How are American men and British men different? “U.K. guys – well, the ones that I know – don’t take as much stock in their appearance,” says Keira Knightley in a new interview. “Ask an American guy what his beauty regime is, and he’ll tell you. Ask a Brit, and he’ll say, ‘Er … Guinness?’ I like that.”

I have been meaning to rant about this a little since I read it nearly a month or so ago, but I was reminded just now when reading a review of In Her Shoes by Frederica Mathewes-Green, whom I unfortunately missed when I attended her Antiochian Archdiocese parish in Baltimore a few weeks ago. She notes the masculinity of the male lead:

One last plus to this movie: the guy who eventually wins Rose’s heart turns out to be a much more interesting character than we’d have a right to expect from this kind of breezy, busy movie. According to the recent Leo Burnett Man Study, half of America’s men feel that their role in society is unclear. Do women want them dolled by remedial “Queer Eye” personal groomers? Or do they want a plaid-shirted, stubbly “Earl”? There’s uncharted distance between fop and caveman, metrosexual and retrosexual, yet that’s where most men live. In “In Her Shoes,” Simon (Mark Feuerstein) hits a mark in the middle that is surprisingly appealing, and the character holds his own on-screen despite the big-name ladies’ firepower. Simon has the listening skills women crave and expert culinary taste, yet his guy creds are vindicated by enthusiastic basketball fandom (though perhaps it’s too much to have him actually giving advice to the Sixers’ teammates, while they nod as insight dawns). Most of all, he’s in charge. When he and Rose begin to go horizontal, she nervously clicks off the lamp; he turns it on again. After a pause, she once again tries to hide her flaws in darkness; he looks at her firmly as he once again lights the lamp. What women want in men, even more than plucked eyebrows, is manly confidence. In a realm where examples are so scarce that half of the male population is confused, Simon is illuminating.

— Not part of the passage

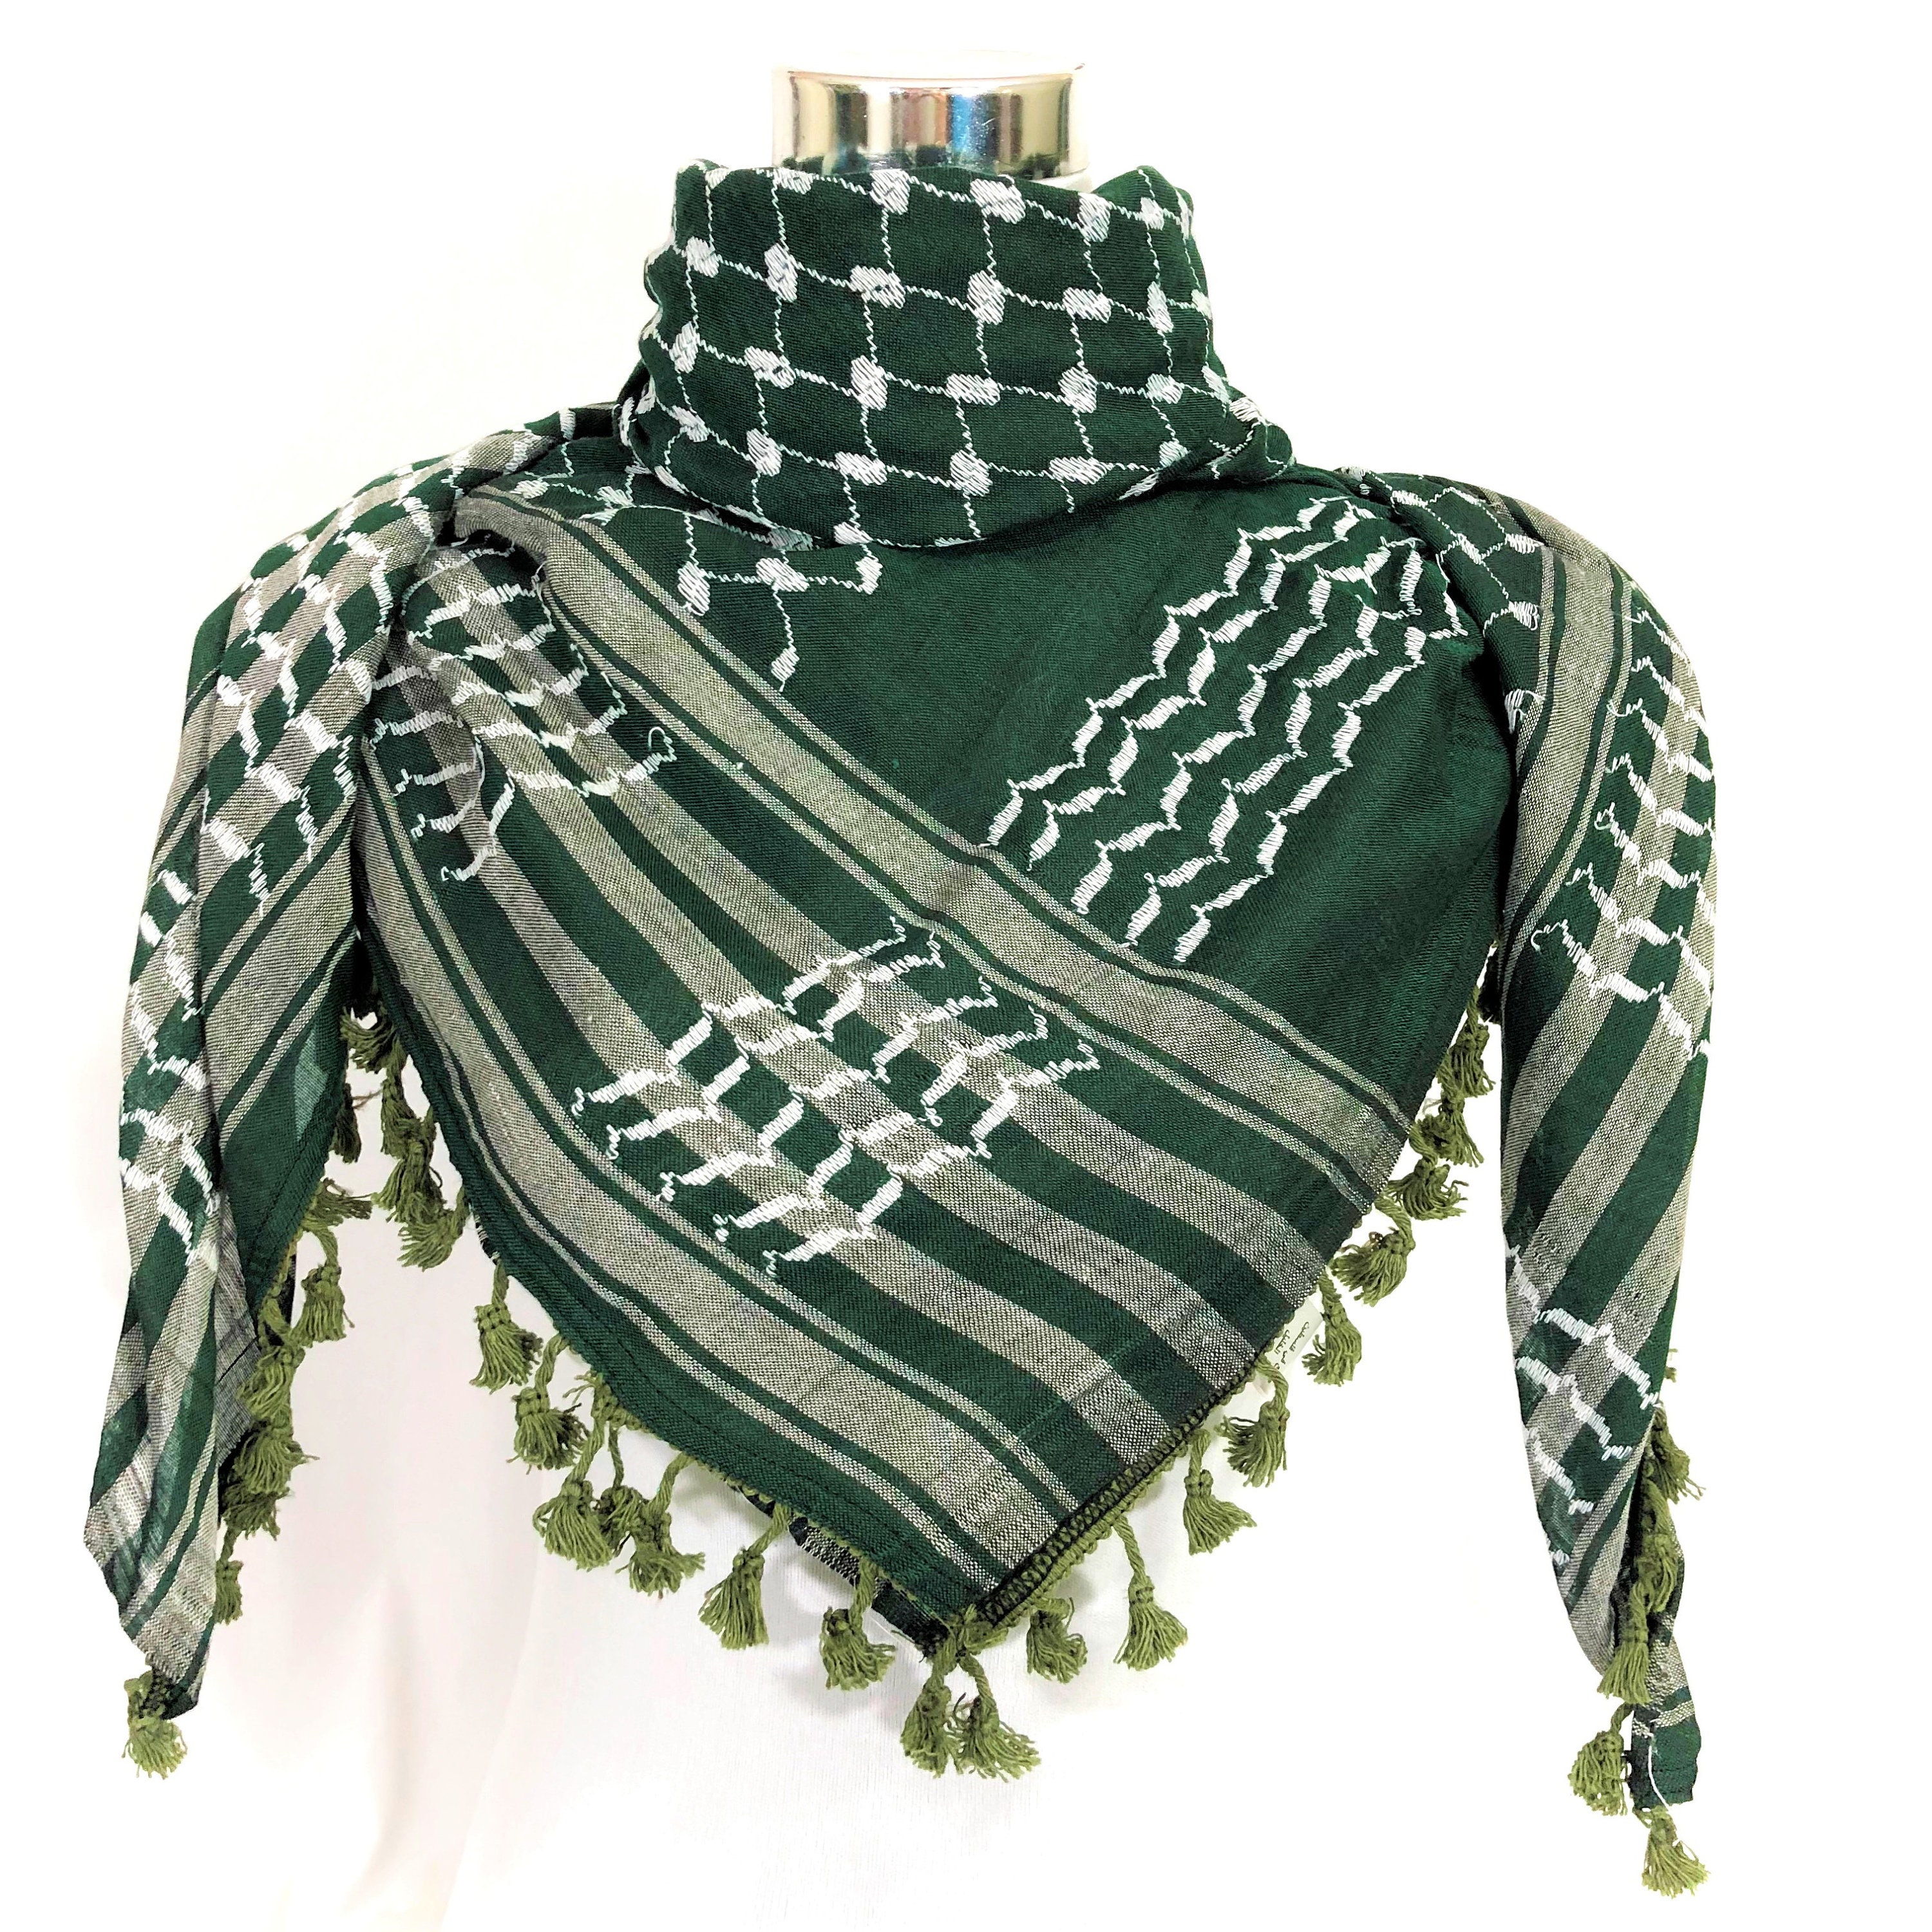 Hirbawi Shemagh Keffiyeh Arab Scarf Palestine Kufiya Arafat Hatta Original Brand 100% Cotton Unisex Scarves 47x47

(The full review talks about the rest of the movie, of course: Frederica Mathewes-Green on National Review Online: Red-Hat District)

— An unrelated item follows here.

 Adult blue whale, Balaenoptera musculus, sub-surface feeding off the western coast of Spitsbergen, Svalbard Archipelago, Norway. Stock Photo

Now, perhaps Mother Frederica has spoken about what follows in one of her many essays on gender and sexuality (separate and distinct concepts, to be sure) released under the title Gender: Men, women, sex, and feminism. I don’t know; surely someone has, but I can’t cite it.

I’ve been thinking: masculinity and feminity complement one another, like yin and yang in the Tao. They are, or should be, balanced. The last century has seen a movement wherein that balance has been completely upset in a movement to secure equal rights and privileges for one part of this equation. Should we be surprised that the other part is confused?

Women have been told to act more masculine in order to liberate themselves; confusion about gender is only the beginning. The balance is beginning to right itself: Men are acting feminine. Indeterminate gender is becoming more acceptable socially.

Sometimes, I hear the lament, “Where have all the good men gone?” Perhaps the question should be reversed to find the answer.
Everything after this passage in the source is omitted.